Question

A vertical ideal spring is mounted on the floor and has a spring constant of 116 N/m. A 0.60-kg block is placed on the spring in two different ways. (a) In one case, the block is placed on the spring and not released until it rests stationary on the spring in its equilibrium position. Determine the amount (magnitude only) by which the spring is compressed. (b) In a second situation, the block is released from rest immediately after being placed on the spring and falls downward until it comes to a momentary halt.
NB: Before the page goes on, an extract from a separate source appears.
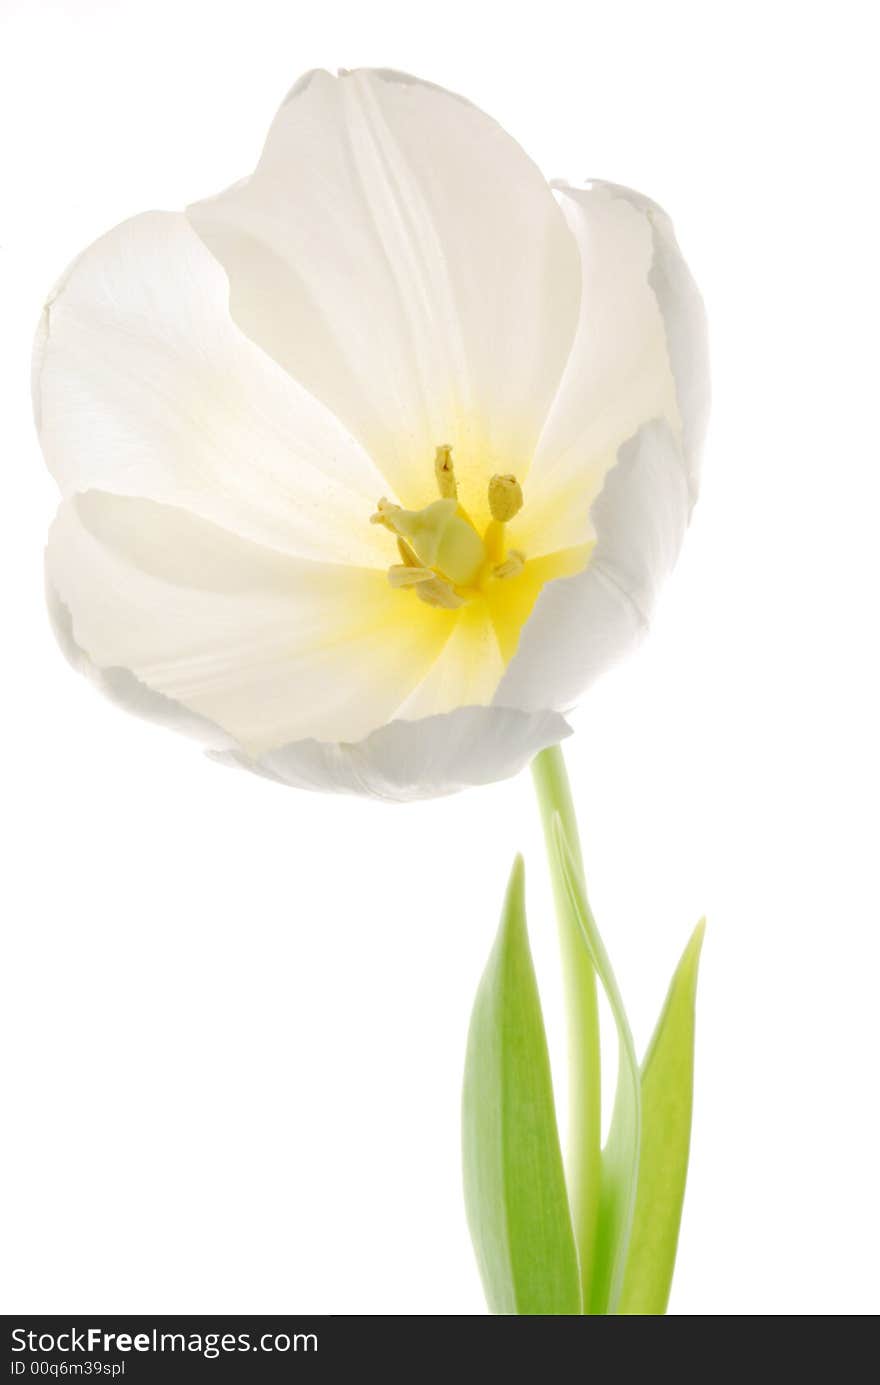 Close up image of white tulip

Determine the amount (magnitude only) by which the spring is now compressed.

Answer 1

a

`x = 0.0507 \ m`

b

`d = 0.1014 \ m`

Step-by-step explanation:

From the question we are told that

The spring constant is
`k = 116 \ N/m`

The mass of the block is
`m = 0.60 \ kg`

Considering question a

Generally the weight of the block is mathematically represented as

`W = m * g`

=>
`W = 0.60 * 9.8`

=>
`W = 5.88\ N`

Generally the force exerted on the spring is mathematically represented as

`F = k * x`

At equilibrium

`W = F`

=>
`k * x = 5.88`

=>
`116 * x = 5.88`

=>
`x = 0.0507 \ m`

Considering question b

Generally the energy stored in the spring is mathematically represented as

`E = (1)/(2) * k * d^2`

Now the potential energy of the block before it is drooped is mathematically represented as

`PE = m * g * d`

Generally from the law of energy conservation we have that

`E = PE`

=>
`(1)/(2) * k * d^2 = m * g * d`

=>
`(1)/(2) * 116 * d = 0.60 * 9.8`

=>
`d = 0.1014 \ m`